I’m explaining how we ended up with extended-hours trading, and why it bucks like a bronc. We’re not there yet. 

In 1971, the National Association of Securities Dealers launched an automated quotation system. That became the Nasdaq.

In the 1990s, computerized trading systems outside the stock markets – as Congress envisaged – sprang up. No broker-dealers. No middlemen (save the software).

They demolished stock markets, taking more than half of all trading.

They were firms like Island, Brut, Archipelago, Instinet (the oldest, from 1969). They weren’t stock exchanges, weren’t brokers.  They were software companies matching buyers and sellers.

Ingenious, frankly. The exchanges cried foul.

The SEC intervened with a set of rules forcing these so-called Electronic Communications Networks (ECNs) to become broker-dealers.

And extended-hours trading began.

Why?

Because exchanges had to display ECN prices, and ECNs had to become brokers. So exchanges would win the price business, and ECNs would win the size business.

By the way, the exchanges bought the ECNs and incorporated the technology. The Nasdaq runs on vestiges of Brut and Island, the NYSE on Arca – Archipelago.  Instinet is owned by Nomura.
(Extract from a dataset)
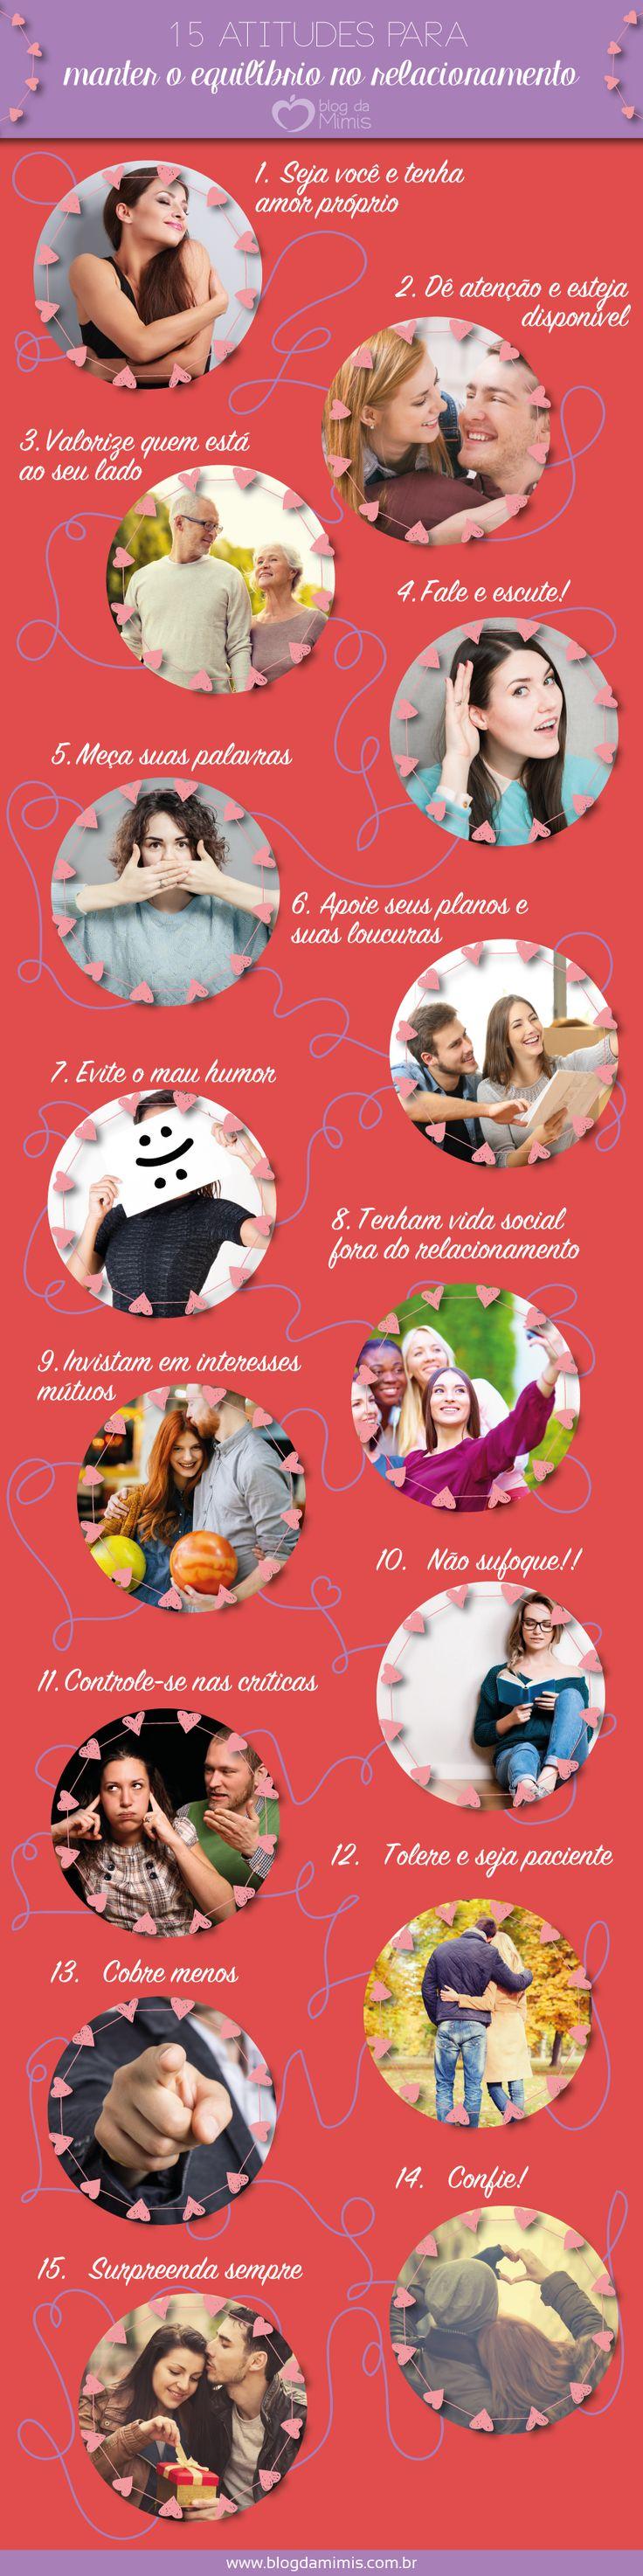 15 atitudes para manter o equilíbrio no relacionamento - Blog da Mimi #relacionamento #love #casamento #relação #casal #namorados #dicas

In 2005, the SEC fulfilled the vision of Congress from 1975, imposing Regulation National Market System – Reg NMS. That’s the rule running the stock market today, with its 17 exchanges and about 34 “dark pools,” which are ATS’s.  Latter-day ECNs.

Reg NMS links all markets, removes the differences in listing one place versus another, shares all prices and all data, and mandates trading at the best systemwide price.

But rules preceding Reg NMS for ATS’s didn’t proscribe extended-hours trading.

The irony? Congress wanted to cut out the middleman, the broker and exchange, and instead ALL trading is intermediated. It might be the craziest thing in human history outside emergency powers.

Plus, the rise of Passive Investment means vast sums need reference prices – a set price each day – to comply with the Investment Company Act of 1940 (another rule).  So exchanges persist with a 4p ET close.

But Exchange Traded Funds (ETFs) match off-market in blocks – and the parties running those trades are the same operating dark pools (ATS’s), behind most derivatives.

And there you have it.  Exchanges create prices for “40 Act” funds at 4p ET. And broker-dealers trade stuff other times, getting ever bigger.  Gyrating prices when the Stock Market is closed.

It’s now at times the tail wagging the dog.  It’s incongruous if the aim of the legislation behind Reg NMS is a free, fair, regulated, orderly, connected market.

That’s your answer.

Stocks gallop after the market closes because rules have fostered an arbitrage trade between market hours, and after-hours. The reason for extended-hours chaos is rules bifurcating the stock market into prices for thee but not for me.

The fix? I think it’s wrong for a “market system” to own the price of anything.  Stores for stocks should be no different than grocery stores – stocking what they wish and offering prices and supply.

How do we change it? Fix government powers. The SEC owns the market. Not us.